Understanding acid-base titration is crucial in chemistry, but to truly grasp this concept, it's essential to have a solid foundation in certain prerequisite topics. Two key areas that significantly contribute to comprehending acid-base titration are balancing chemical equations and the acid dissociation constant.

Let's start with the importance of balanced chemical equations. In acid-base titration, we're dealing with reactions between acids and bases. To accurately predict and analyze these reactions, it's crucial to work with properly balanced equations. Balancing ensures that we account for all atoms and charges on both sides of the equation, which is fundamental for stoichiometric calculations in titration. Without this skill, students might struggle to determine the correct amounts of reactants or products, leading to inaccurate titration results.
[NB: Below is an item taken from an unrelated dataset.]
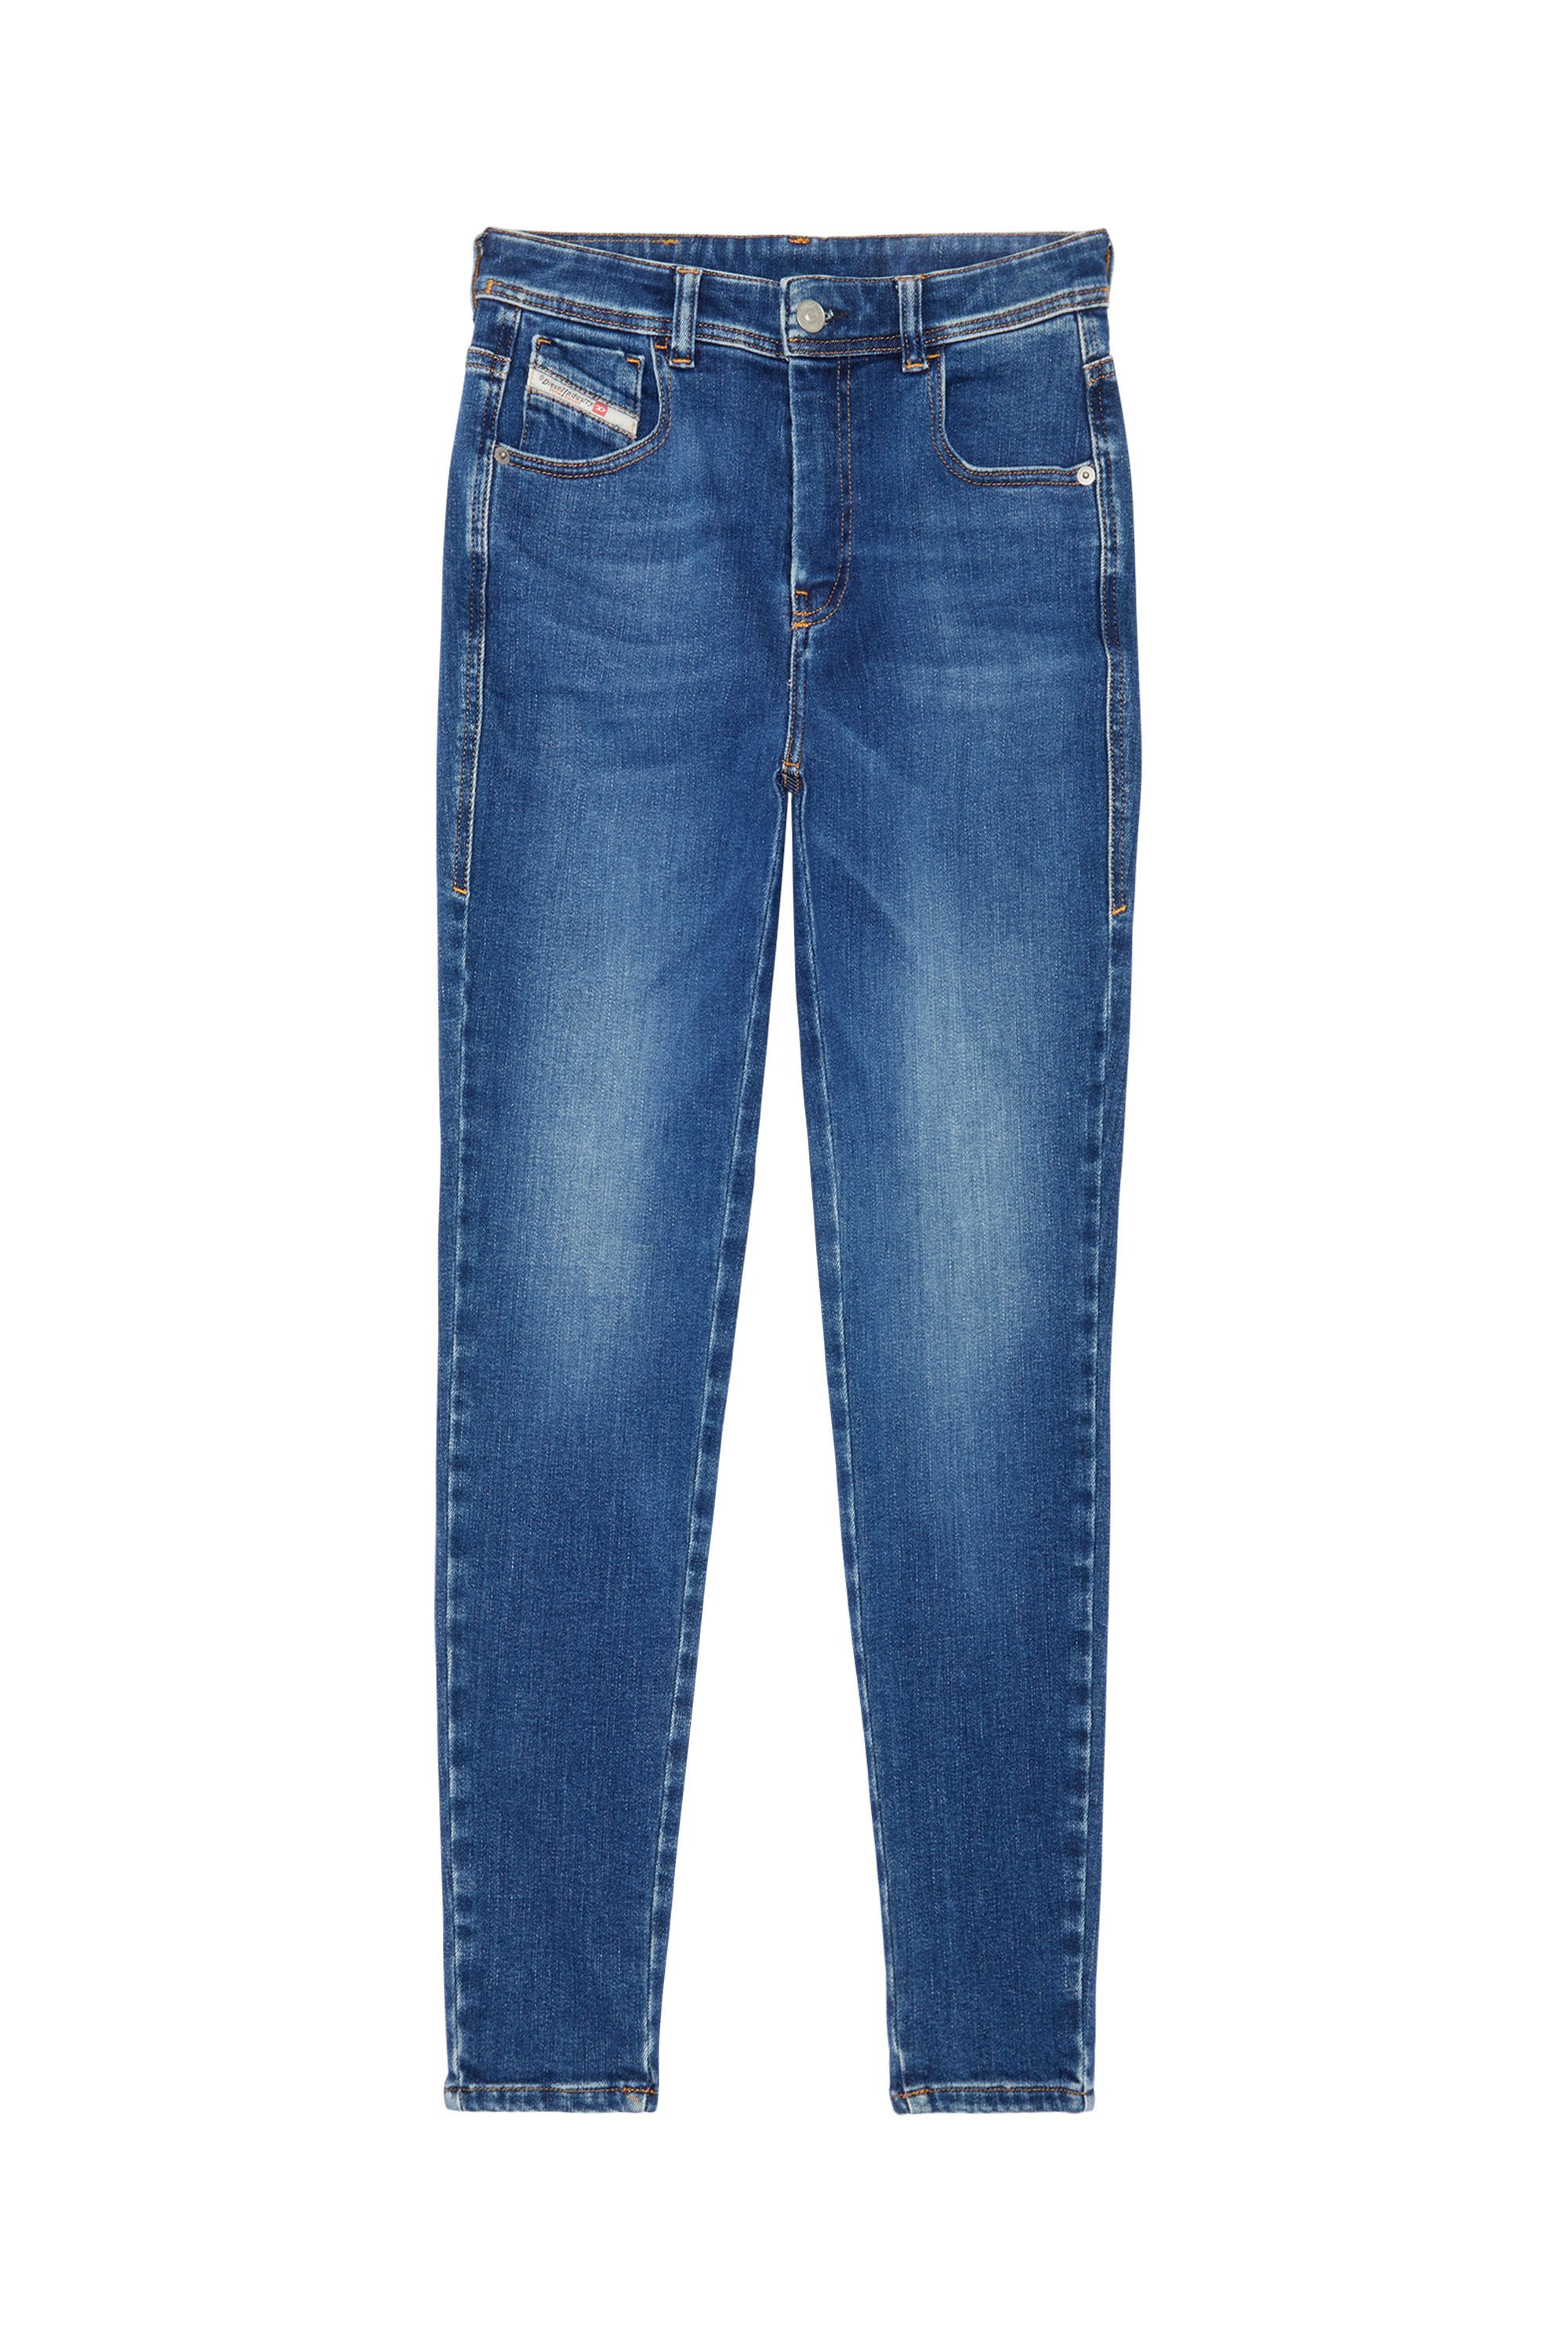 1984 SLANDY-HIGH 09C21 Super skinny Jeans, Mittelblau - Jeans

Moreover, understanding how to balance equations helps in visualizing the neutralization process that occurs during titration. It allows students to see how protons are transferred between the acid and base, and how this affects the overall reaction. This visualization is key to grasping the concept of equivalence point in titration.

Equally important is the concept of the acid dissociation constant. This fundamental principle is crucial for understanding the strength of acids and bases, which directly impacts titration procedures and calculations. The acid dissociation constant, often denoted as Ka, provides information about how readily an acid gives up its protons in solution. This knowledge is essential for predicting the behavior of acids and bases during titration and for interpreting titration curves.

Furthermore, familiarity with polyprotic acid dissociation is particularly relevant in more complex titrations. Many real-world titrations involve polyprotic acids, which have multiple dissociation steps. Understanding how these acids behave at different stages of dissociation is crucial for accurately interpreting titration data and identifying multiple equivalence points.

By mastering these prerequisite topics, students build a strong foundation for understanding acid-base titration. They'll be better equipped to perform titrations, interpret results, and solve related problems. The ability to balance equations ensures accurate stoichiometric calculations, while knowledge of acid dissociation constants allows for a deeper understanding of acid-base behavior and strength. Together, these skills enable students to approach acid-base titration with confidence and precision, paving the way for success in more advanced chemistry concepts.